Inspired by brains, neural networks are composed of neurons (or nodes) and synapses, which are the connections between nodes. To train a neural network for a task, a neural network takes in a large set of questions and the answers to those questions. In this process of what’s called supervised learning, the connections between nodes are weighted more heavily or lightly to minimize the amount of error in achieving the correct answer.

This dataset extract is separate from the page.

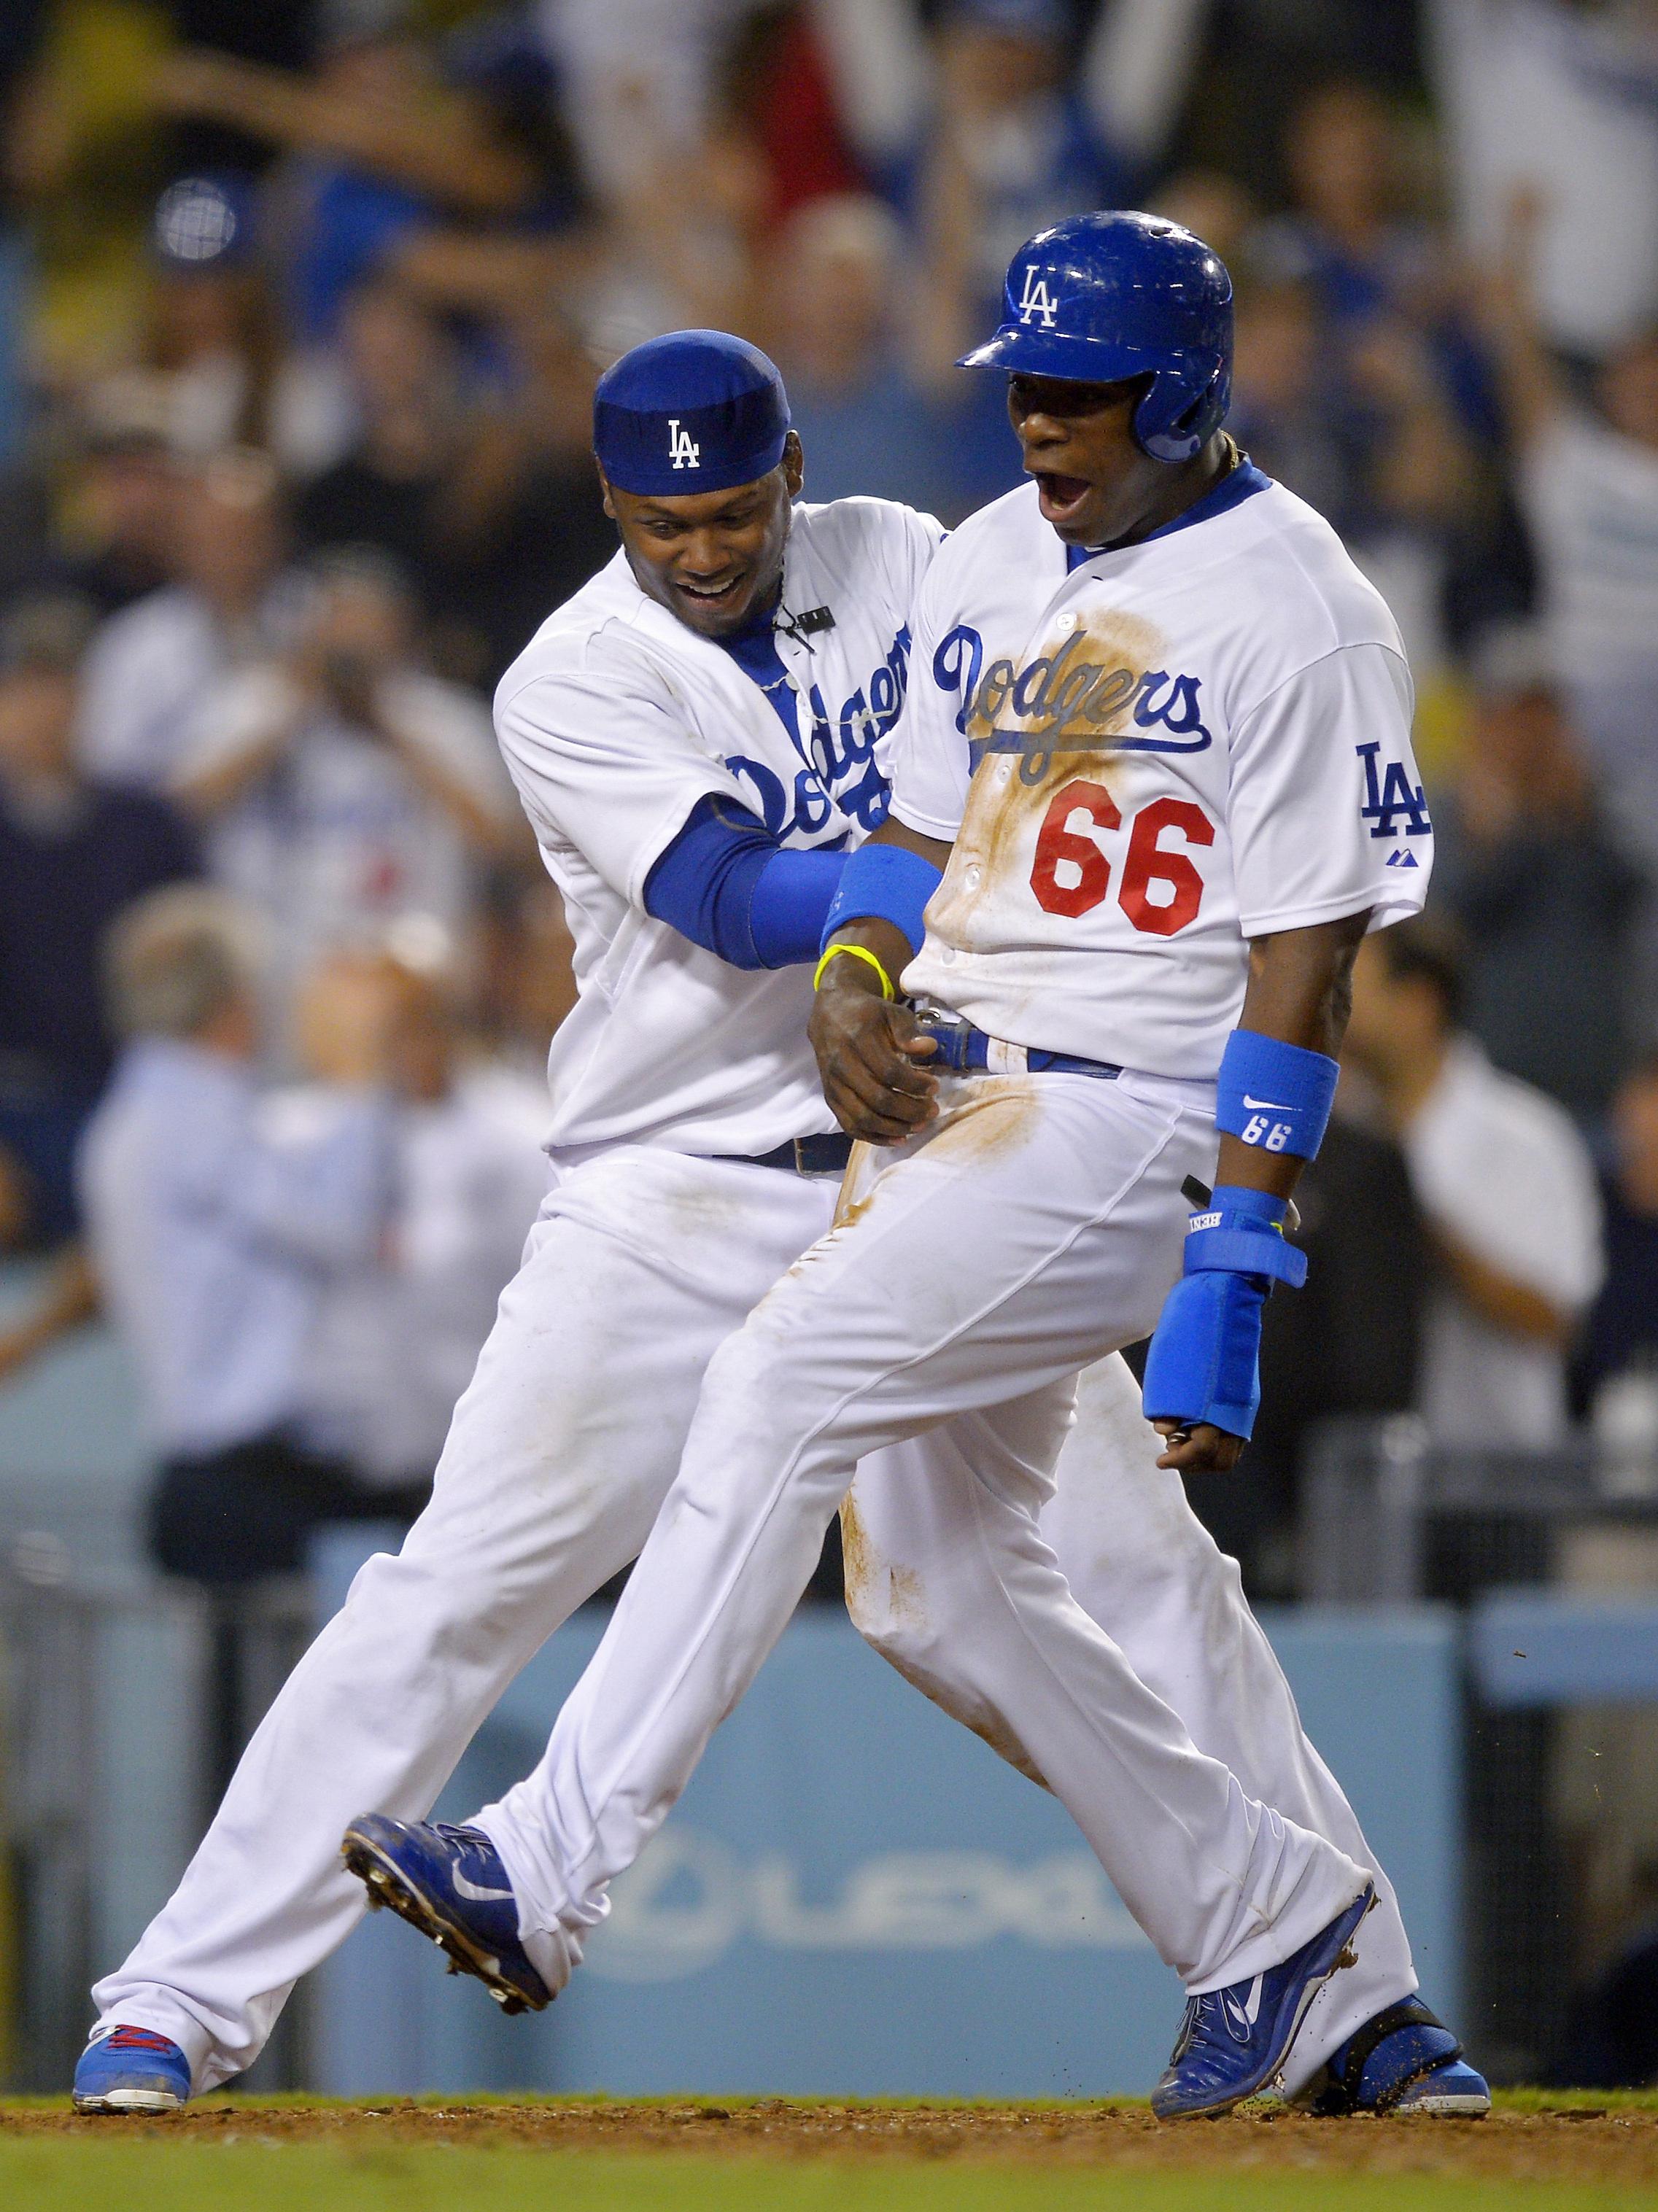 Baseball's Demographic Shifts Bring Cultural Complexities

Once trained, a neural network can then be tested without knowing the answer; for example, a system can process a new photo and correctly identify a human face, because it has learned the features of human faces from other photos in its training set. Image recognition is also a relatively simple problem, as it doesn’t require any information apart from a static image. More complex tasks, such as speech recognition, can depend highly on context, and require neural networks to have knowledge of what has just occurred, or what has just been said.
When transcribing speech to text or translating languages, a word’s meaning and even pronunciation will differ, depending on the previous syllables. This requires a recurrent neural network, which incorporates loops within the network that give the network a memory effect; however, training these recurrent neural networks is especially expensive.
Memristors are a special type of resistive device that can both perform logic and store data. This contrasts with typical computer systems, where processors perform logic separate from memory modules. Memristors require less space and can be integrated more easily into existing silicon-based electronics, and memorize events only in the near history.
Reservoir computing systems built with memristors can skip most of the expensive training process and still provide the network the capability to remember. This is because the most critical component of the system — the reservoir — does not require training.
When a set of data is inputted into the reservoir, the reservoir identifies important time-related features of the data, and hands it off in a simpler format to a second network. This second network then only needs training like simpler neural networks, changing weights of the features and outputs that the first network passed on until it achieves an acceptable level of error. A new network, called a reservoir computing system, could predict words before they are said during conversation, and help predict future outcomes based on the present.
The reservoir computing concept was proven using a test of handwriting recognition, a common benchmark among neural networks. Numerals were broken up into rows of pixels and fed into the computer with voltages like Morse code, with zero volts for a dark pixel, and a little more than one volt for a white pixel. Using only 88 memristors as nodes to identify handwritten versions of numerals — compared to a conventional network that would require thousands of nodes for the task — the reservoir achieved 91 percent accuracy.
Reservoir computing systems are especially adept at handling data that varies with time, like a stream of data or words, or a function depending on past results. To demonstrate this, a complex function was tested that depended on multiple past results, which is common in engineering fields. The reservoir computing system was able to model the complex function with minimal error.
In predictive analysis, the system could be used to take in signals with noise like static from far-off radio stations, and produce a cleaner stream of data. It also could predict and generate an output signal even if the input stopped.